Jacobabad e Ras al-Khaima, le prime città diventate invivibili per il caldo torrido

Il caldo può diventare letteralmente invivibile? La risposta è sì: lo affermano gli scienziati e si tocca già con mano in Pakistan e a Ras al-Khaima.

Nella bozza del Sixth assessment report, messa in circolazione dalla stampa a fine giugno, gli esperti del Gruppo intergovernativo di esperti sui cambiamenti climatici (Ipcc) delineavano un futuro fatto di caldo invivibile, estinzione di specie, epidemie, collasso degli ecosistemi, città minacciate dal livello dei mari. Un futuro che sembrerebbe fin troppo apocalittico, se non fosse la logica conseguenza di quel riscaldamento globale su cui gli scienziati cercano a tutti i costi di richiamare la nostra attenzione ormai da anni. Anzi, in alcuni luoghi del mondo questa non è una previsione ma la realtà, già oggi. È il caso di Jacobabad, in Pakistan, e dell’emirato di Ras al-Khaima. Due città che hanno già raggiunto una temperatura ritenuta incompatibile con la sopravvivenza umana.
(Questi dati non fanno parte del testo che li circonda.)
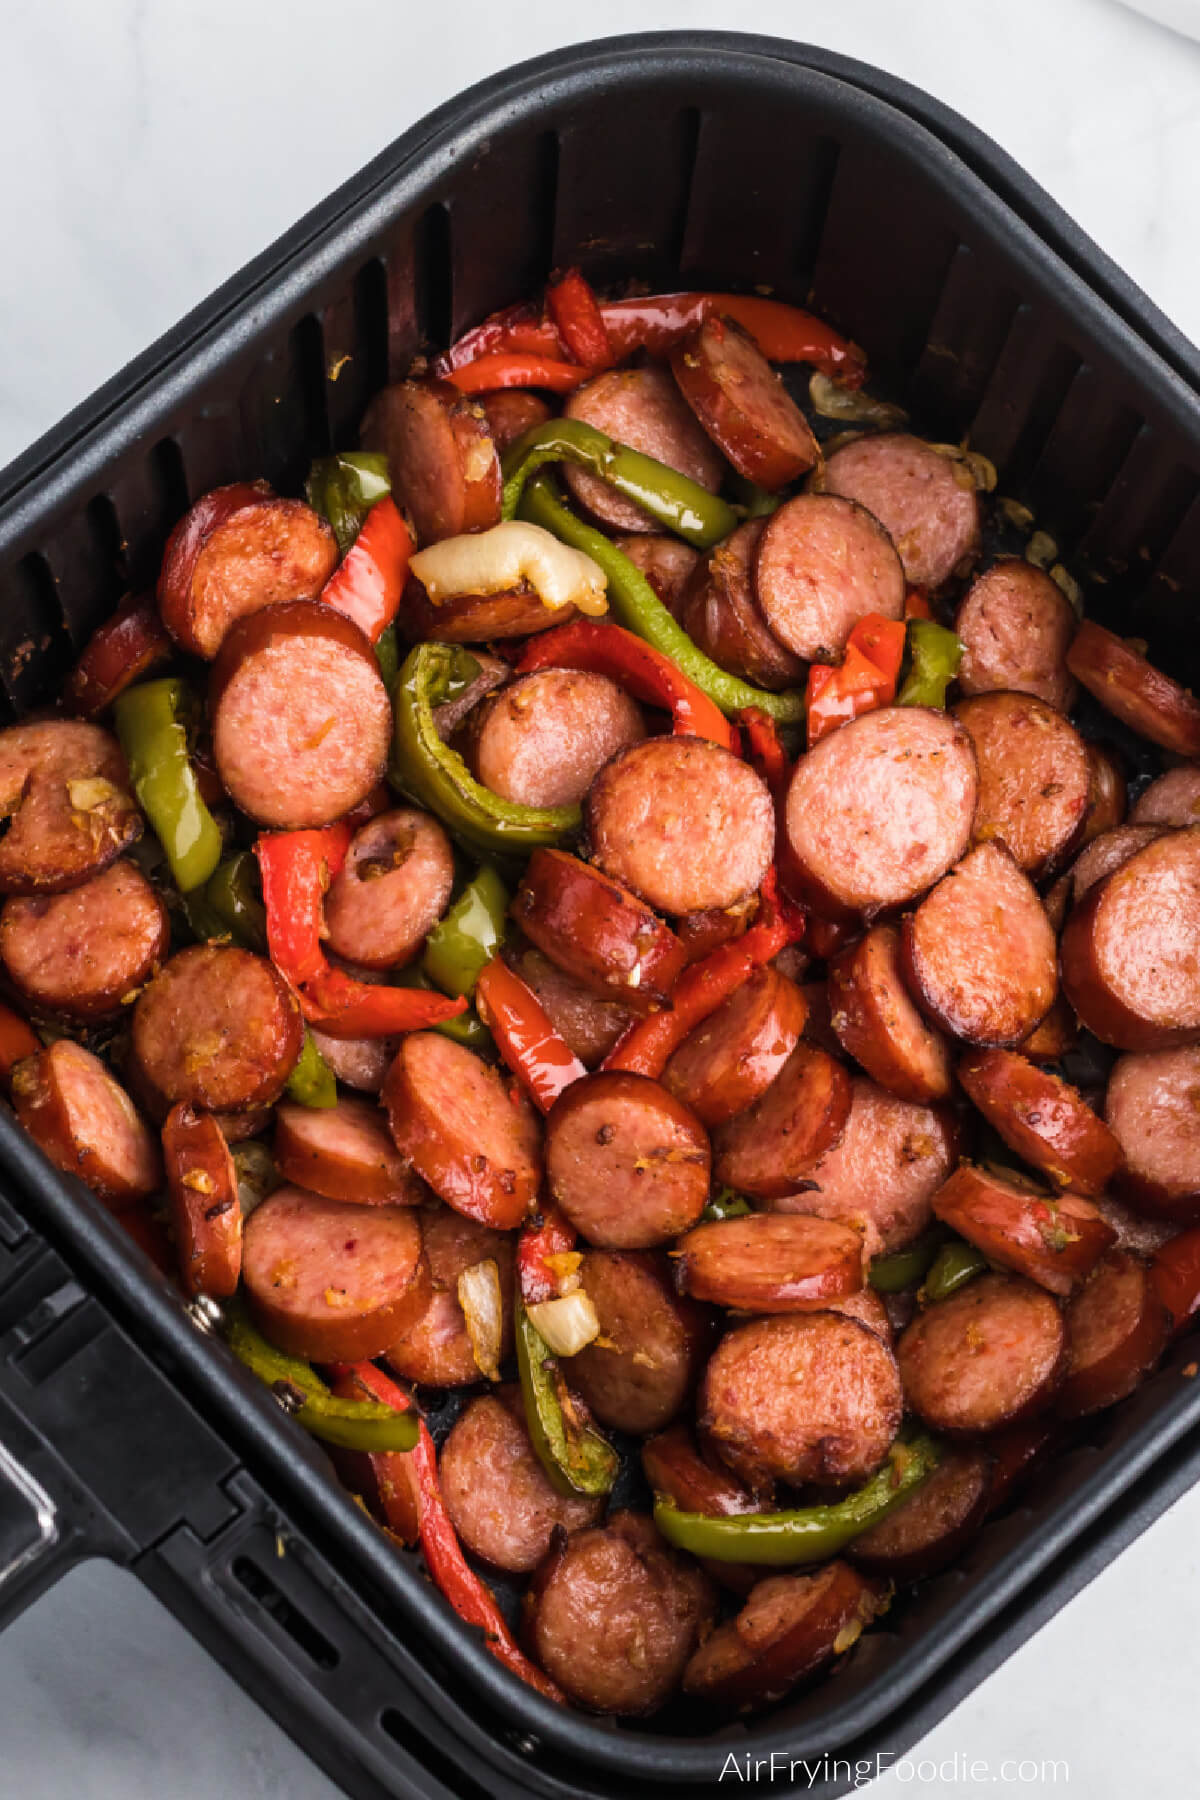 Seasoned sausage and peppers in air fryer basket, ready to serve.

Quando il caldo diventa invivibile

Per la sua capacità di termoregolazione, il corpo umano è capace di resistere a temperature estreme, anche di 60 gradi centigradi. O addirittura di 100, se sono di breve durata. Questo, però, a patto che l’aria sia secca e permetta al sudore di evaporare, rinfrescando l’organismo. Quando però la colonnina di mercurio supera stabilmente i 35 gradi con un tasso di umidità del 90 per cento, il meccanismo si inceppa e la temperatura corporea si alza. “Possiamo iniziare ad avere problemi di vista, vertigini, disturbi neurologici”, spiega a un’emittente televisiva francese il cardiologo sportivo Laurent Uzan. Nei casi più gravi si arriva al coma, alle convulsioni e a gravi complicazioni cardiache e renali.

Caldo a Portland
Un cooling center a Portland, cioè un luogo messo a disposizione della cittadinanza per rinfrescarsi ed evitare malori legati al caldo © Nathan Howard/Getty Images

A Jacobabad picco di ricoveri in ospedale

È esattamente il clima che caratterizza Jacobabad, nella provincia del Sindh, in Pakistan. I suoi 200mila abitanti sono sempre stati abituati a estati torride, visto che la città si trova proprio in corrispondenza del tropico del cancro e i raggi del sole la colpiscono perpendicolarmente nel solstizio d’estate. La situazione, però, sta peggiorando a vista d’occhio. L’aria umida in arrivo dal mar Arabico ha contribuito a sfondare il tetto dei 52 gradi centigradi e tutto fa pensare che il trend sia destinato a peggiorare. I blackout sono sempre più frequenti, così come i ricoveri per infarti e altri problemi cardiaci, considerato che solo i più fortunati hanno un impianto di aria condizionata in casa.

Pioggia artificiale su Ras al-Khaima

L’altro centro ad aver superato la soglia dei 52 gradi, ritenuta per convenzione invivibile, è Ras al-Khaima. Affacciato sul golfo Persico, è uno dei sette emirati che compongono gli Emirati Arabi Uniti. In questi giorni stanno circolando video che mostrano violenti temporali abbattersi sul territorio; peccato però che si tratti di pioggia artificiale.

Attraverso tecnologie sviluppate grazie agli investimenti milionari delle autorità emiratine, infatti, i droni raggiungono le nuvole e rilasciano scariche elettriche che favoriscono la condensazione del vapore acqueo. Il risultato sono i rovesci di pioggia, pensati per dare sollievo al clima desertico che caratterizza la zona. Un palliativo, non certo una soluzione.